Risk assets were very volatile in June buffeted by influences including the changing guidance on interest rates of the US Federal Reserve (Fed), the Bank of Japan seemingly backing away from additional monetary stimulus, the surprise Brexit vote outcome in the United Kingdom and the expected policy reaction of the Bank of England. The early July election in Australia and its initially indeterminate outcome is also likely to add to uncertainty in local markets. With these various influences in play, major equity markets showed very mixed results in June. The best performing share market, surprisingly, was the British FTSE 100, up 4.4% and recovering steep losses post-Brexit vote as the Bank of England indicated it would not only provide near-term liquidity support but was in a position to ease monetary policy if needed. The worst performing share market was Japan’s Nikkei, down by 9.6% in June and reflecting the reluctance of the Bank of Japan to provide further policy stimulus. In Europe, the Eurostoxx 50 index was down by 6.5%, the US S&P 500 index was up by 0.1% while locally the ASX 200 fell by 2.7%.

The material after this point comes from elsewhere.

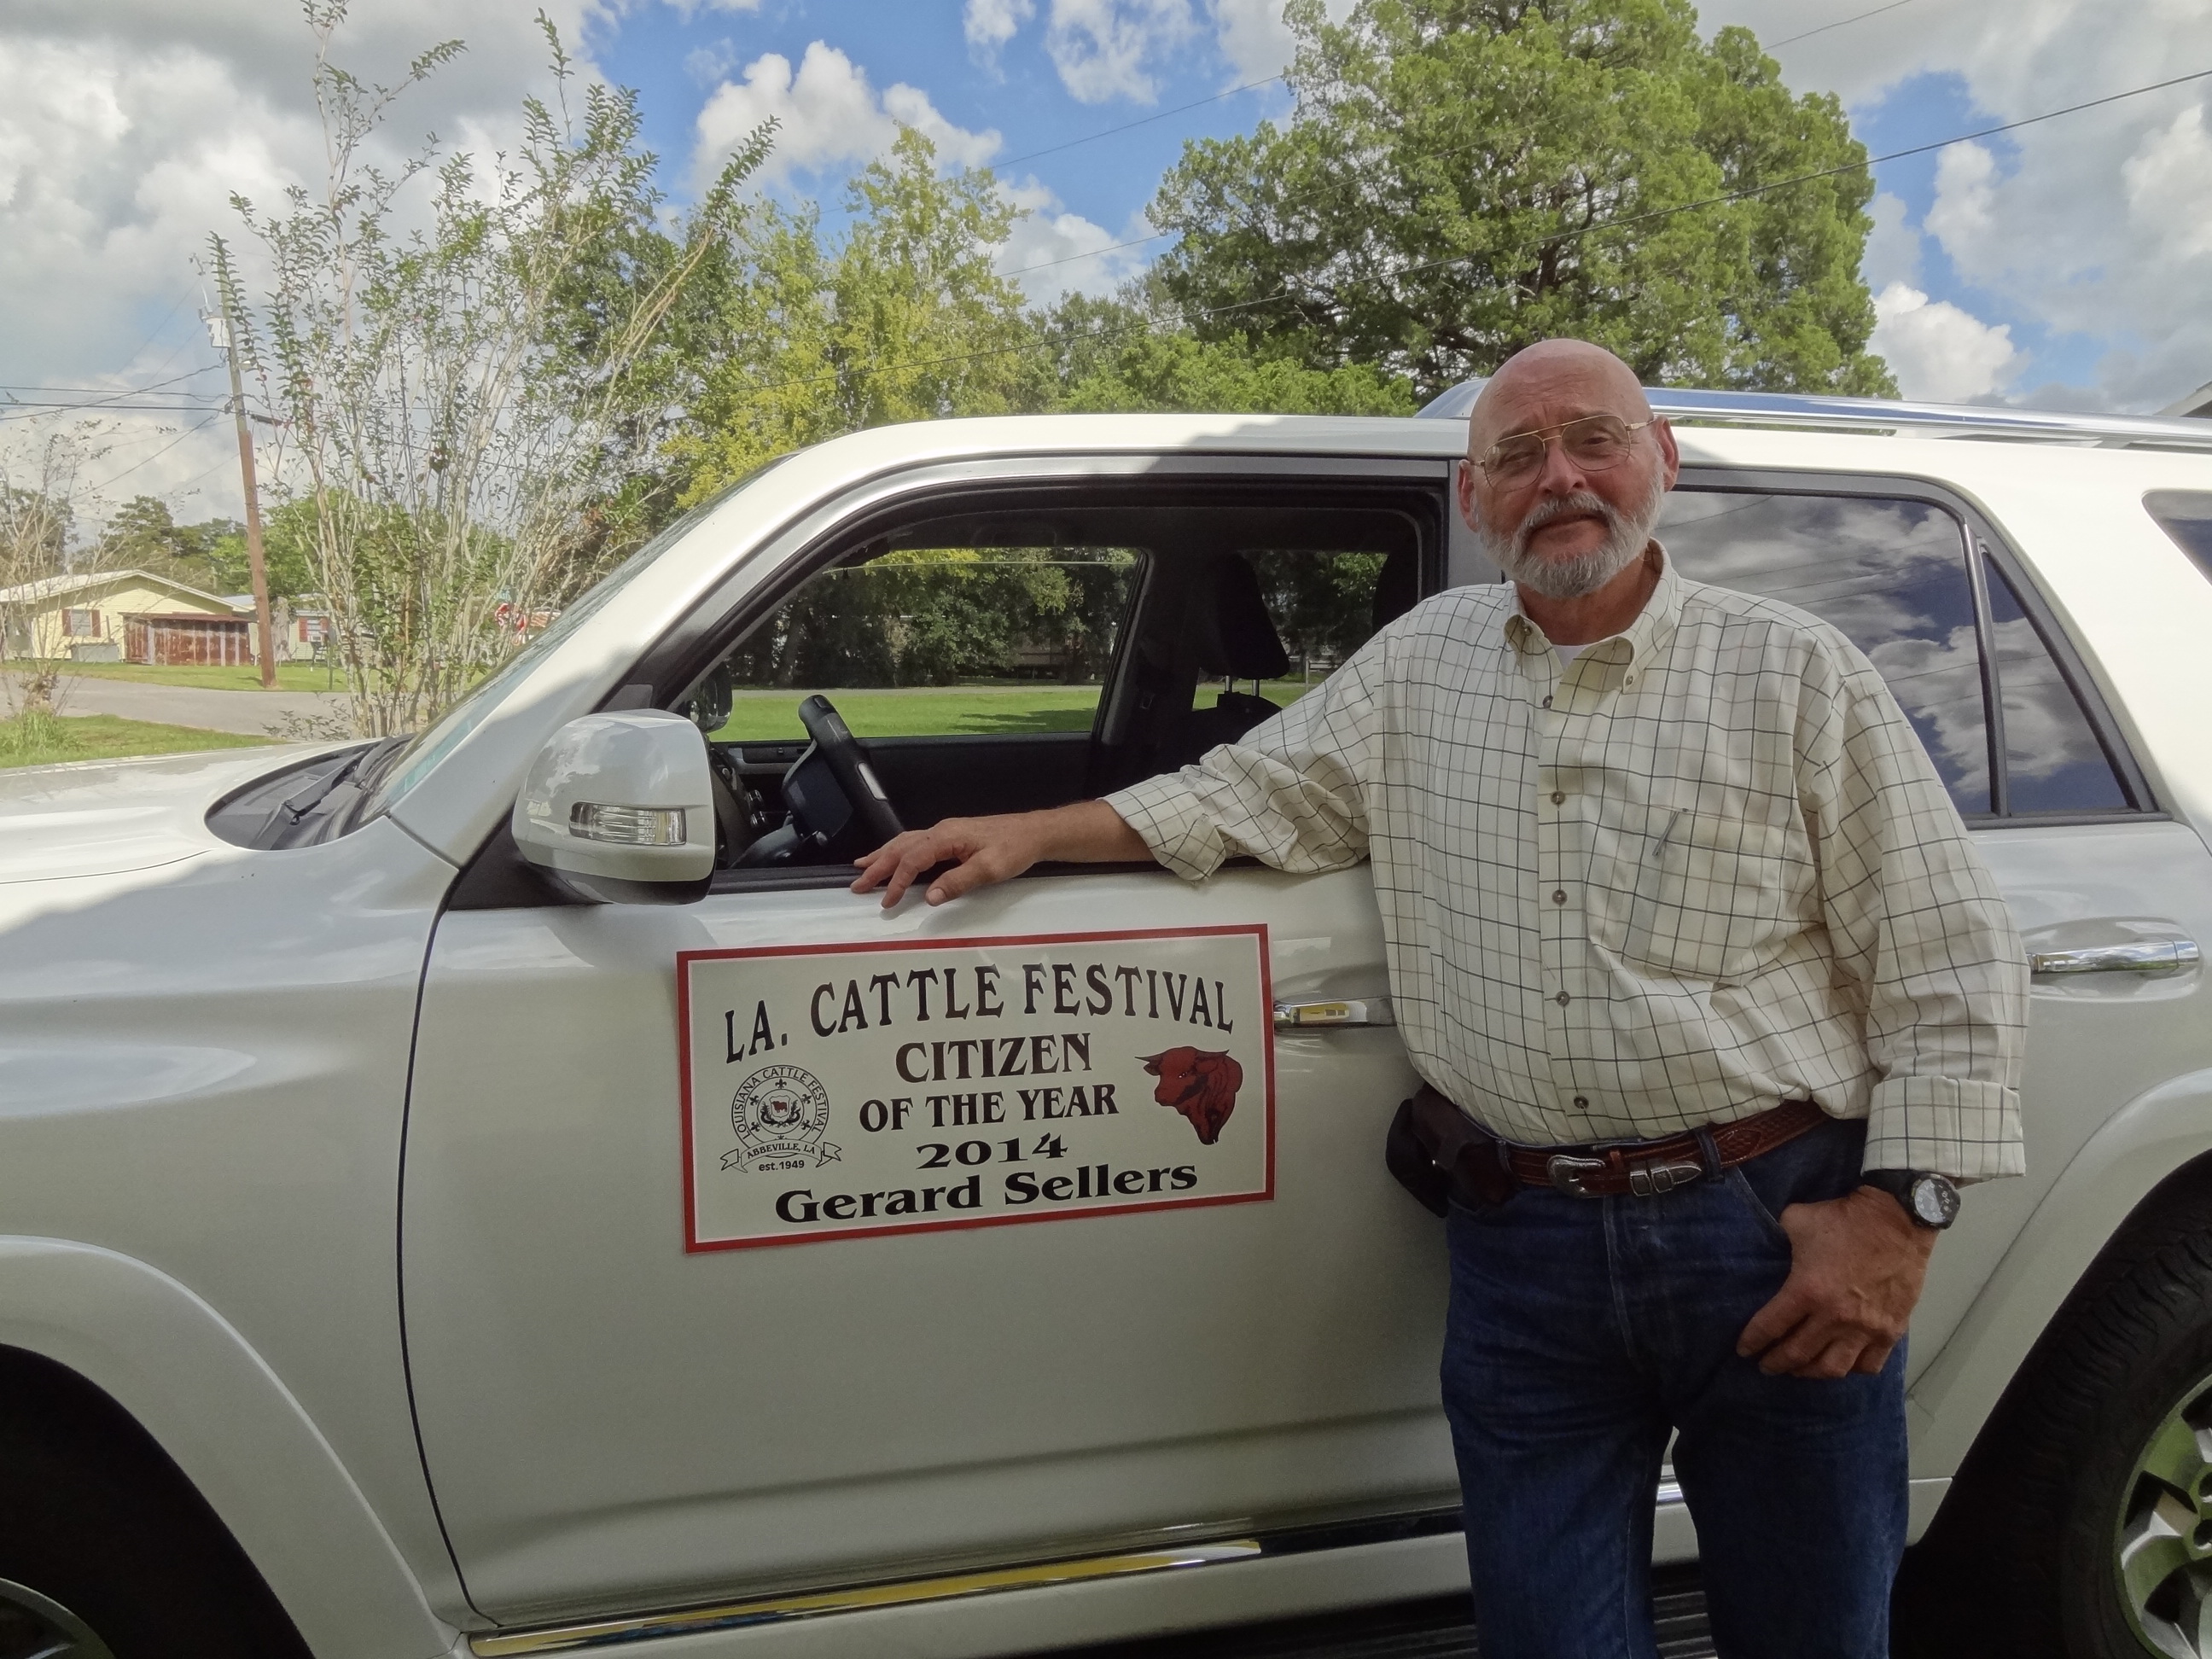 La Cattle Festival Citizen of the year 2014.

Australian credit was quite volatile through the period of the Brexit vote and its immediate aftermath but finished June more or less where it started the month. Australian risk assets were finding favour compared with their international peers for a period in June, but the indeterminate election result if it results in a hung parliament could cast Australian economic and investment fundamentals in a less favourable light. On the interest rate front, the uncertainty globally and at home has promoted strong safe-haven buying of government bonds. Bond buying was reinforced in mid-June when the US Fed at its policy meeting left rates on hold and indicated diminished likelihood of any rate hike throughout the northern summer. The RBA left its cash rate unchanged at 1.75% in early June and seemed neutral on the rate outlook in its accompanying statement. Various less growth friendly events since including Britain’s Brexit vote and the too-close-to-call Australian election, plus the likelihood of a very low Australian Q2 CPI result later in July make it likely that the RBA will resume cutting rates soon. The US 10-year bond yield fell in June by 38bps to 1.47%, while the 30-year treasury yield fell by 37bps to 2.28%. The Australian 10-year bond yield fell by 33bps to 1.97%.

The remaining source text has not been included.